Le hantavirus revient brutalement dans l’actualité internationale après plusieurs cas graves détectés à bord du navire de croisière MV Hondius. L’Organisation mondiale de la santé (OMS), les autorités françaises et plusieurs agences sanitaires européennes ont renforcé leur vigilance face à ce foyer inhabituel impliquant la souche dite “Andes”, la seule connue pour permettre une transmission interhumaine limitée.
Un foyer épidémique surveillé de très près
Depuis début mai 2026, plusieurs passagers du navire MV Hondius, parti d’Argentine vers le Cap-Vert, ont développé des symptômes respiratoires sévères. Selon les derniers bilans relayés par l’OMS :
- plusieurs cas confirmés biologiquement ont été recensés ;
- trois décès ont été signalés ;
- des dizaines de personnes contacts sont désormais surveillées dans plusieurs pays européens.
La France a placé sous surveillance renforcée plusieurs ressortissants rapatriés. Un premier cas positif a même été confirmé sur le territoire français, poussant le gouvernement à instaurer des mesures d’isolement très strictes pouvant aller jusqu’à 42 jours.
Qu’est-ce que le hantavirus ?
Les hantavirus sont une famille de virus transmis principalement par des rongeurs sauvages. L’être humain est contaminé en inhalant des particules issues :
- d’urines ;
- d’excréments ;
- ou de salive de rongeurs infectés.
Les contaminations surviennent souvent dans :
- des greniers ;
- caves ;
- cabanes ;
- bâtiments agricoles ;
- lieux fermés peu ventilés.
La plupart des souches ne se transmettent pas entre humains. Mais la souche “Andes”, identifiée dans le foyer actuel, constitue une exception rare et particulièrement surveillée.
Quels sont les symptômes ?
L’infection débute généralement comme une grippe :
- forte fièvre ;
- fatigue importante ;
- douleurs musculaires ;
- maux de tête ;
- toux sèche.
Mais dans certains cas, l’état du patient peut se dégrader très rapidement avec :
- détresse respiratoire aiguë ;
- pneumonie sévère ;
- insuffisance pulmonaire ;
- parfois insuffisance rénale selon les souches.
Les formes pulmonaires observées avec le virus des Andes sont les plus inquiétantes, avec une létalité pouvant atteindre 20 à 40 % dans certaines situations sévères.
Faut-il craindre une nouvelle pandémie ?
À ce stade, les autorités sanitaires veulent éviter toute panique.
L’OMS estime actuellement que le risque pour la population générale reste “faible à modéré”. Les experts rappellent que le hantavirus ne possède pas le niveau de contagiosité observé avec le Covid-19.

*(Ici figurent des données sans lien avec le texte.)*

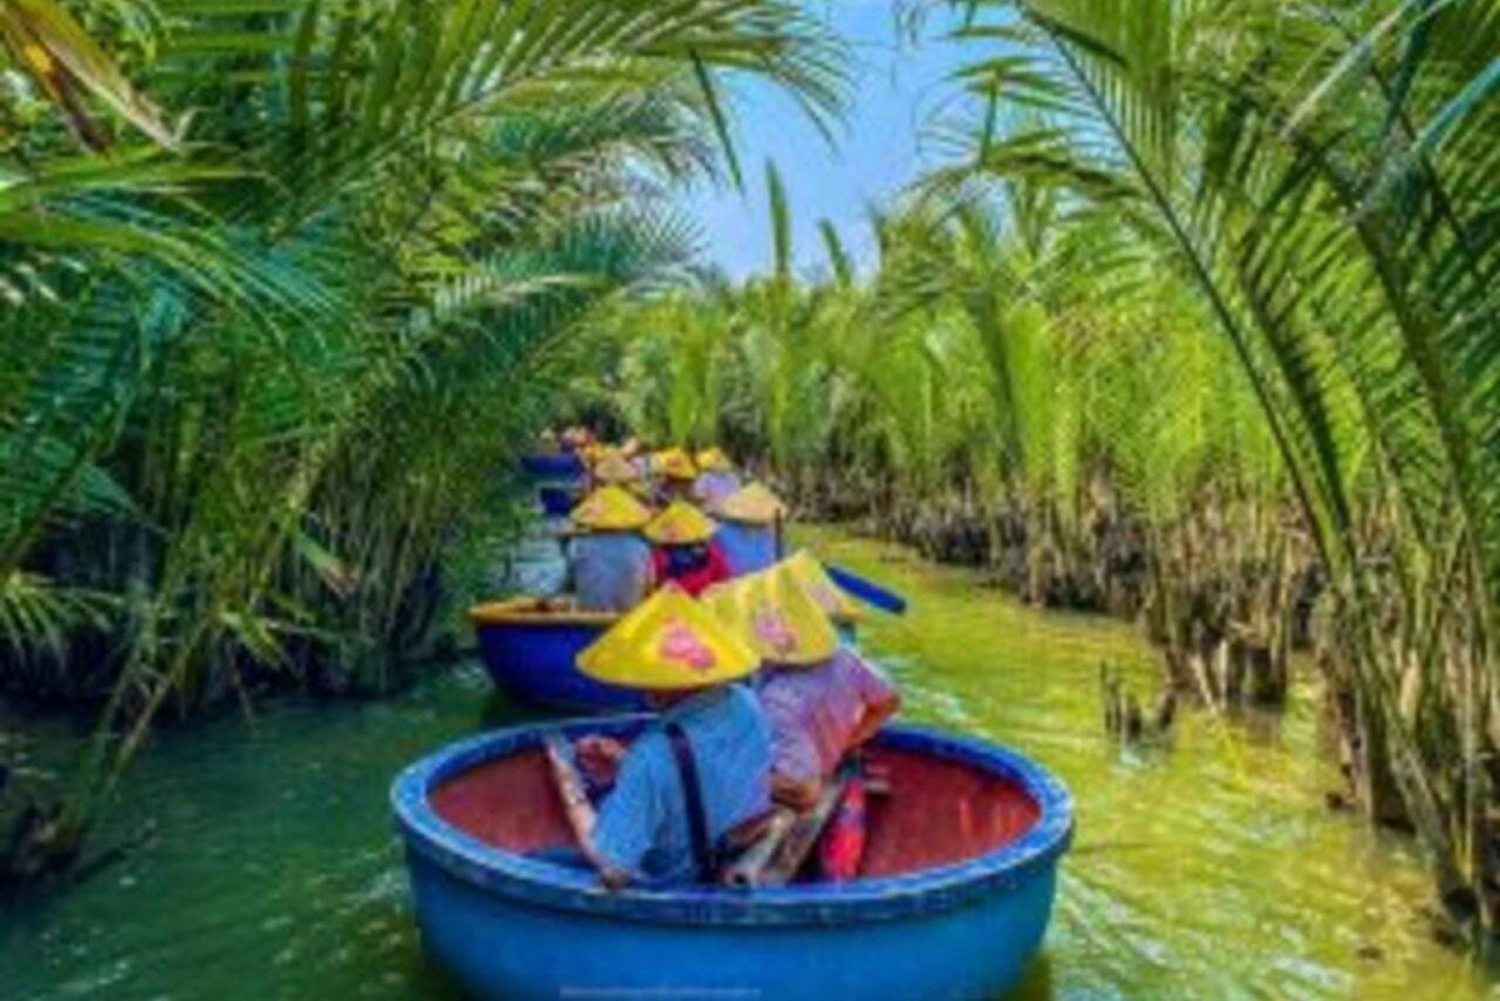 Hoi An: Båtfärd med bambukorg i Bay Mau-kokosnötsskogen

Cependant, plusieurs éléments expliquent l’inquiétude actuelle :
- la présence d’une souche transmissible entre humains ;
- la gravité des formes respiratoires ;
- l’apparition des cas dans un environnement confiné comme un navire ;
- la circulation internationale des passagers.
Les autorités françaises parlent désormais d’une stratégie visant à “briser les chaînes de transmission” dès les premiers cas.
Pourquoi le foyer du MV Hondius intrigue les scientifiques
Les enquêtes épidémiologiques cherchent encore à comprendre précisément comment la contamination s’est propagée à bord du navire.
Les chercheurs étudient plusieurs hypothèses :
- exposition initiale à des rongeurs en Amérique du Sud ;
- contamination environnementale ;
- transmission interhumaine limitée dans des espaces clos.
Le “patient zéro” aurait été contaminé lors d’un séjour en Argentine dans une zone fortement infestée de rongeurs porteurs du virus des Andes.
Existe-t-il un traitement ou un vaccin ?
Actuellement :
- aucun vaccin n’est disponible ;
- il n’existe pas de traitement antiviral spécifique reconnu.
La prise en charge repose essentiellement sur :
- l’hospitalisation rapide ;
- l’assistance respiratoire ;
- les soins intensifs dans les formes graves.
Comment se protéger ?
Les spécialistes recommandent surtout d’éviter tout contact avec les déjections de rongeurs :
- ventiler les lieux fermés avant nettoyage ;
- ne jamais balayer à sec ;
- utiliser des gants et un masque ;
- désinfecter les surfaces contaminées ;
- éviter les zones infestées de rongeurs.
Une vigilance mondiale désormais renforcée
Même si les autorités sanitaires insistent sur l’absence de risque de pandémie majeure à ce stade, le dossier hantavirus est désormais suivi quotidiennement par l’OMS et les gouvernements européens.
L’épisode du MV Hondius rappelle surtout une réalité devenue centrale depuis la crise Covid : les zoonoses (ces maladies transmises par les animaux) représentent aujourd’hui l’un des principaux risques sanitaires mondiaux.